* [TO DO] Repeat, word for word and with nothing added, each line from the one containing "El Mercedes-Benz SL60, Luxury" to the final line of the data, keeping both ends. Pictures are not part of the copy.

* [AVAILABLE DATA]
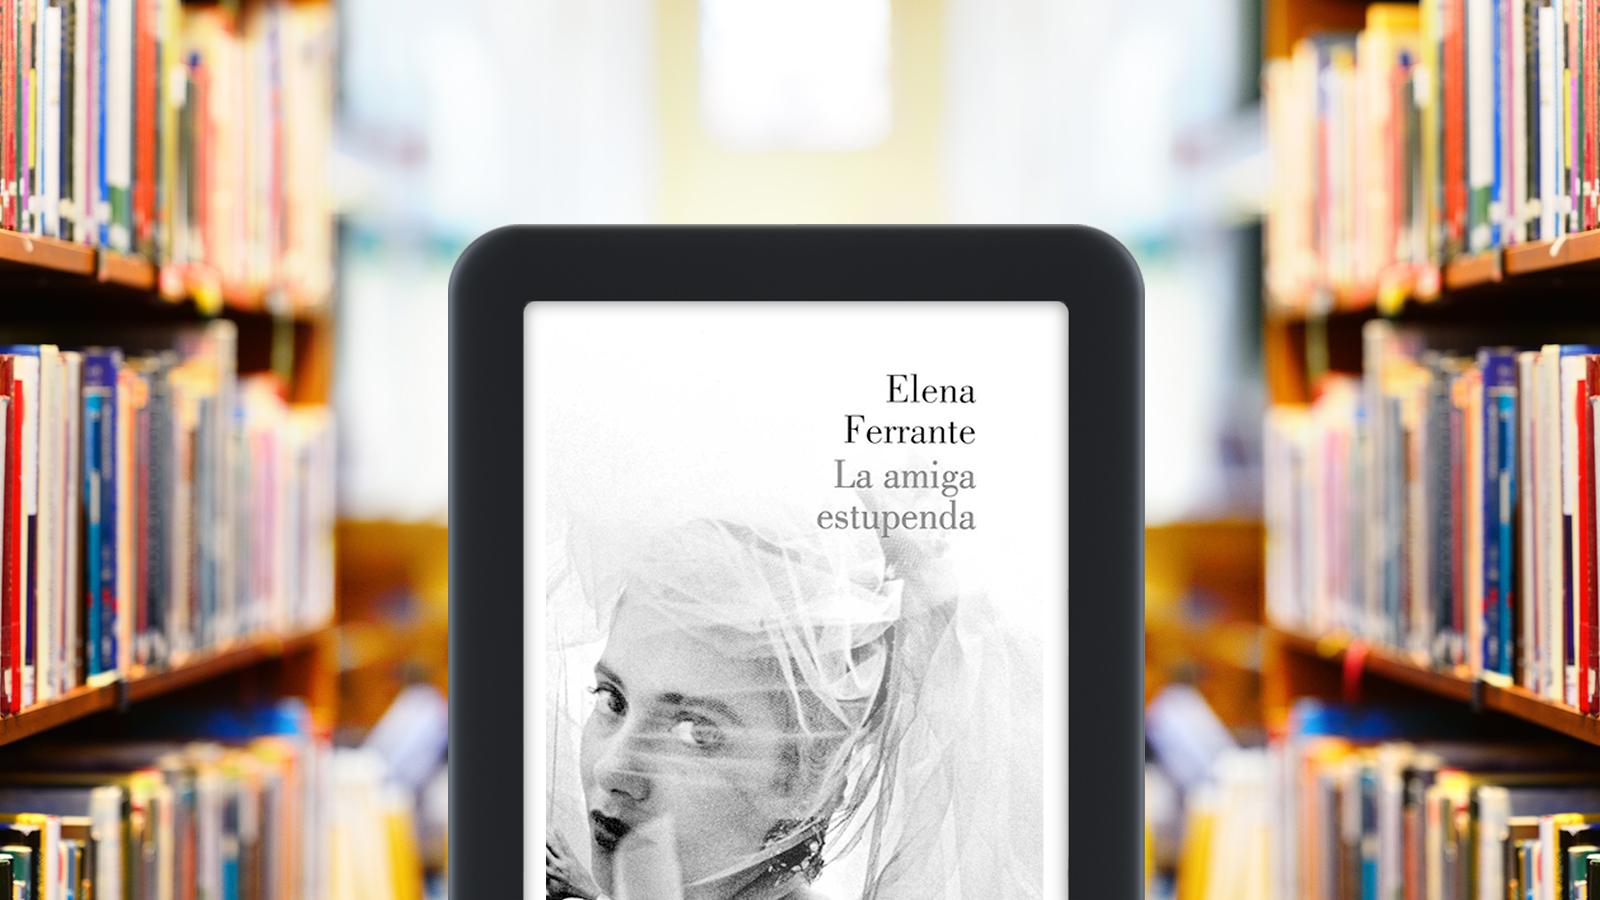 El nuevo lector de libros electrónicos BQ Cervantes 4
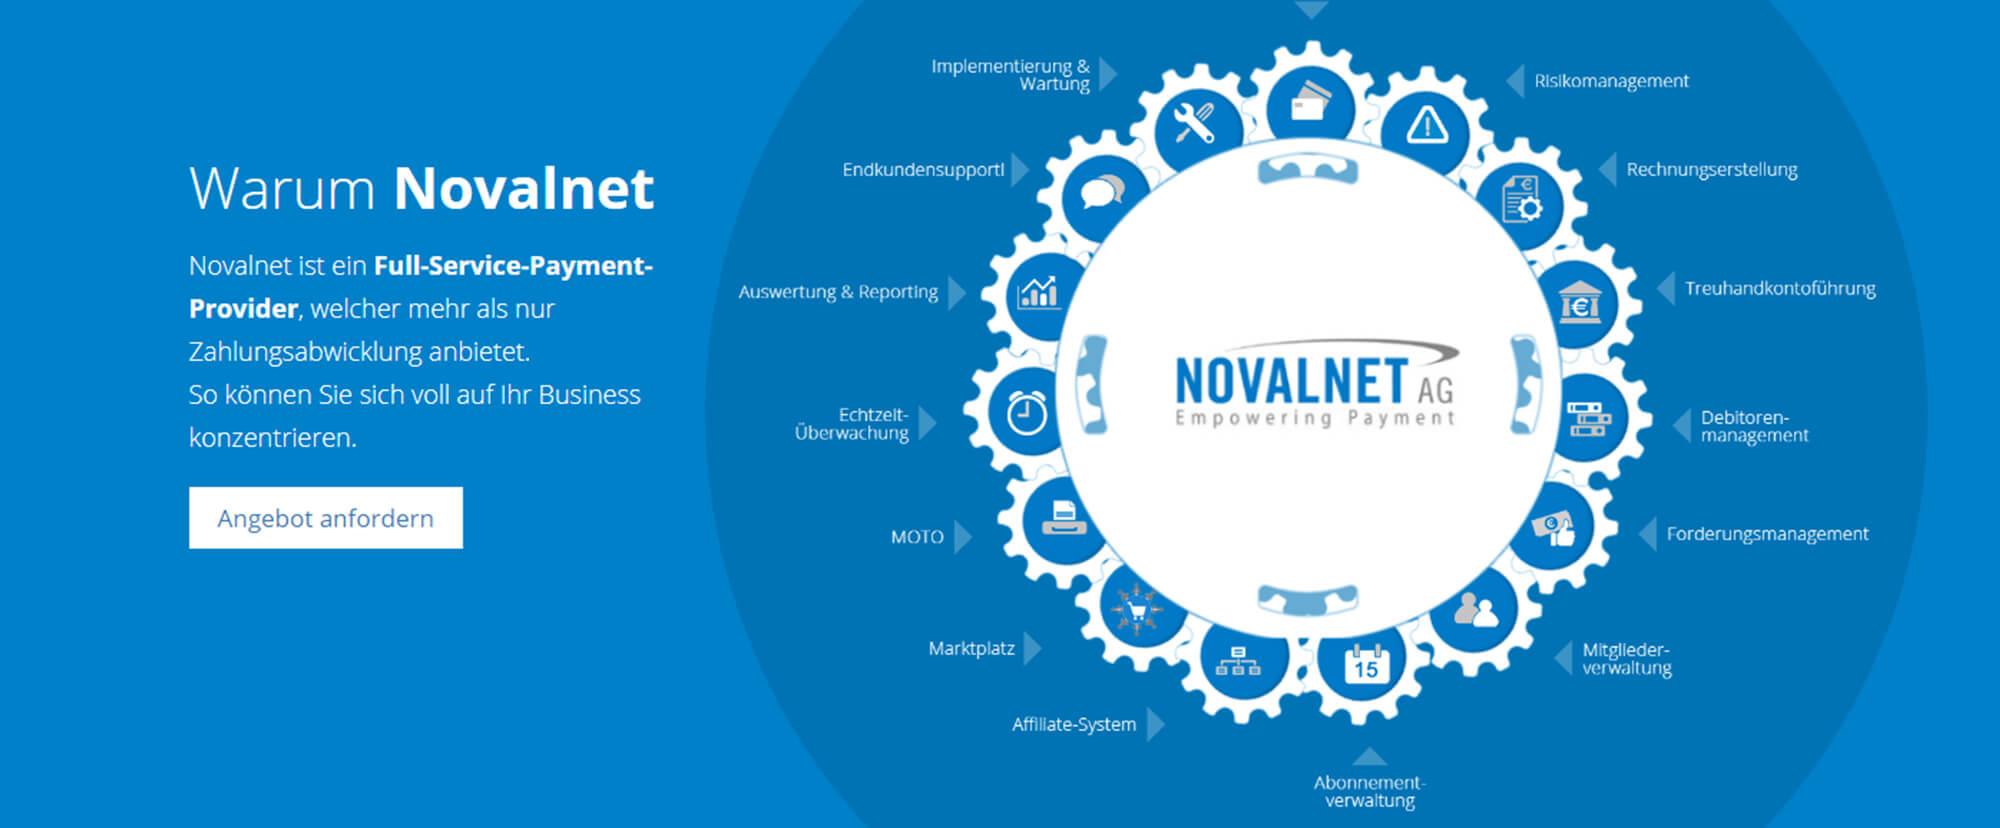 Novalnet service-payment-provider
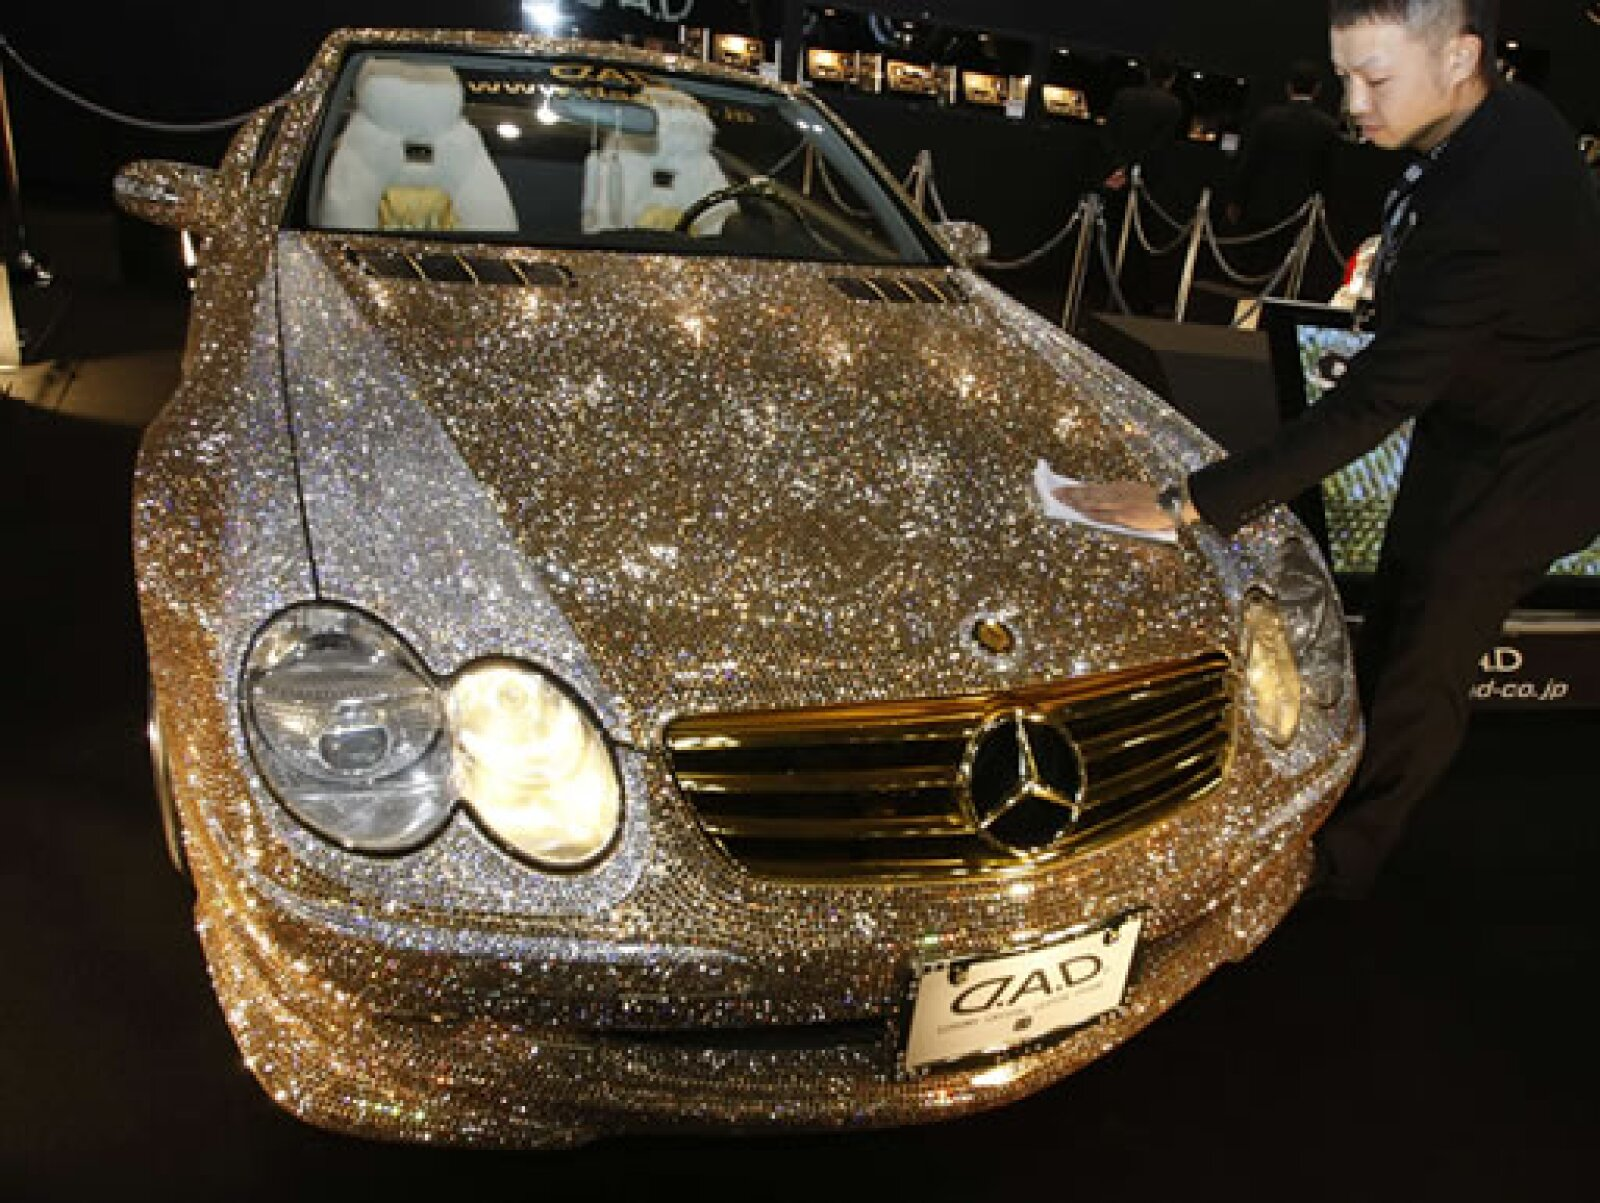 El Mercedes-Benz SL60, Luxury Crystal Benz, está forrado con 300,000 cristales Swarovski.
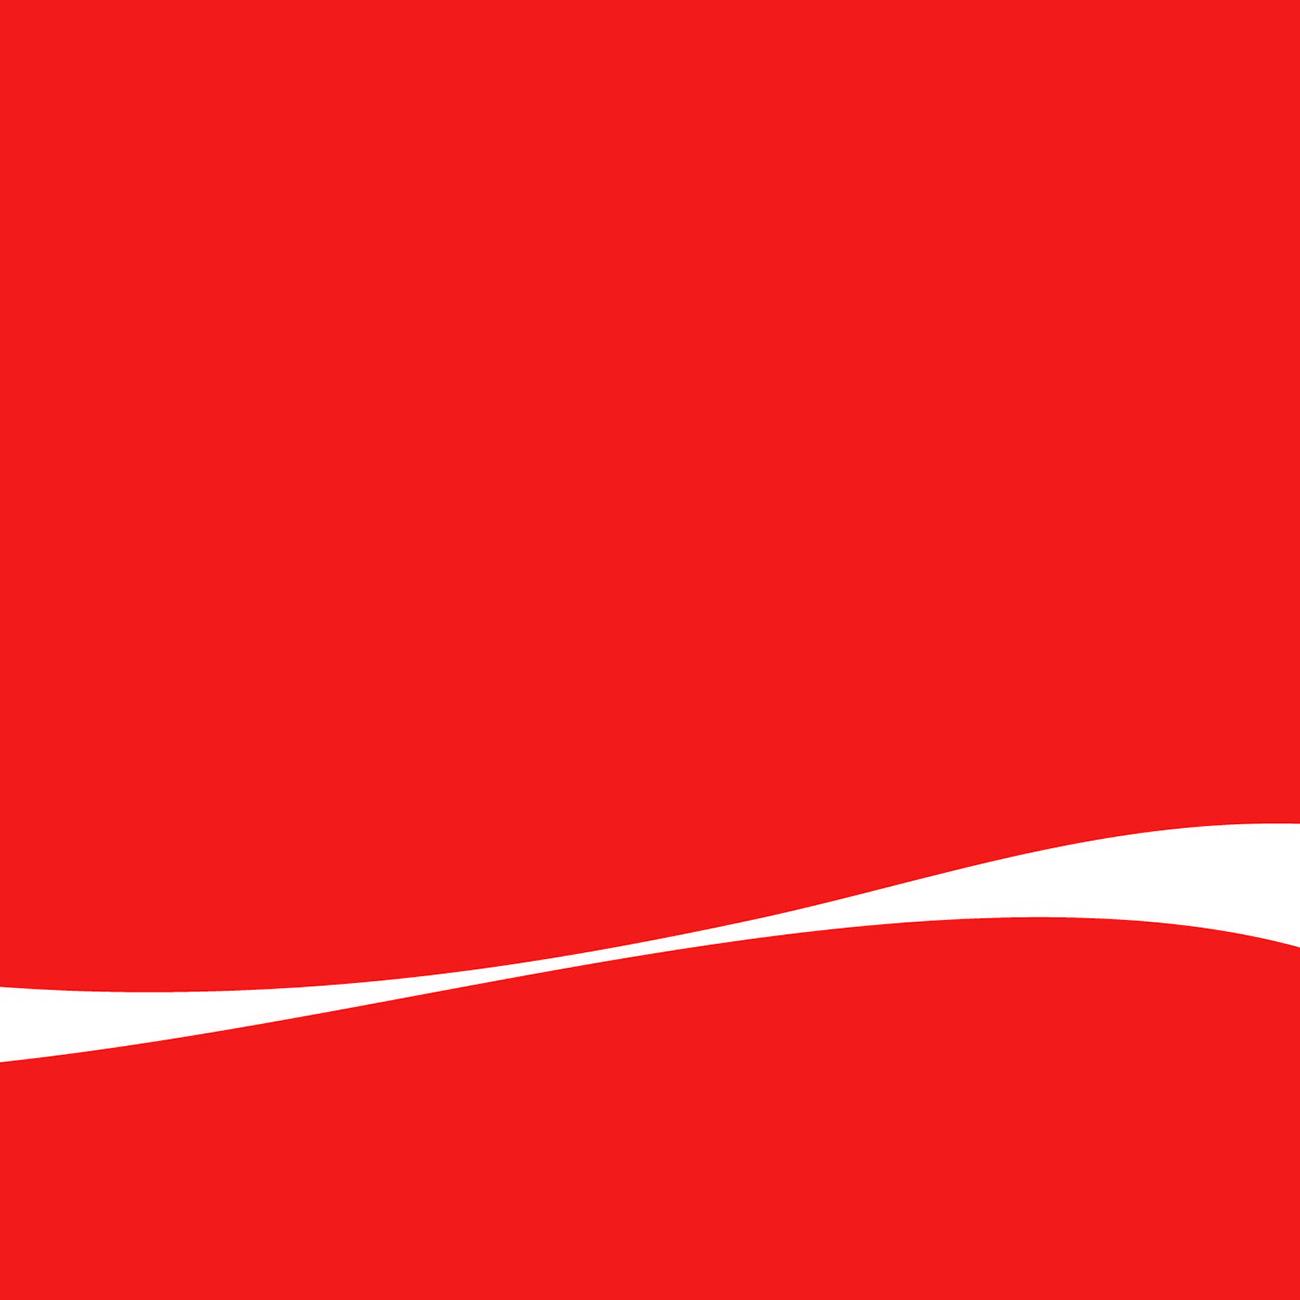 Corporate-big

* [SOLUTION TO THIS TASK]
 El Mercedes-Benz SL60, Luxury Crystal Benz, está forrado con 300,000 cristales Swarovski.
 Corporate-big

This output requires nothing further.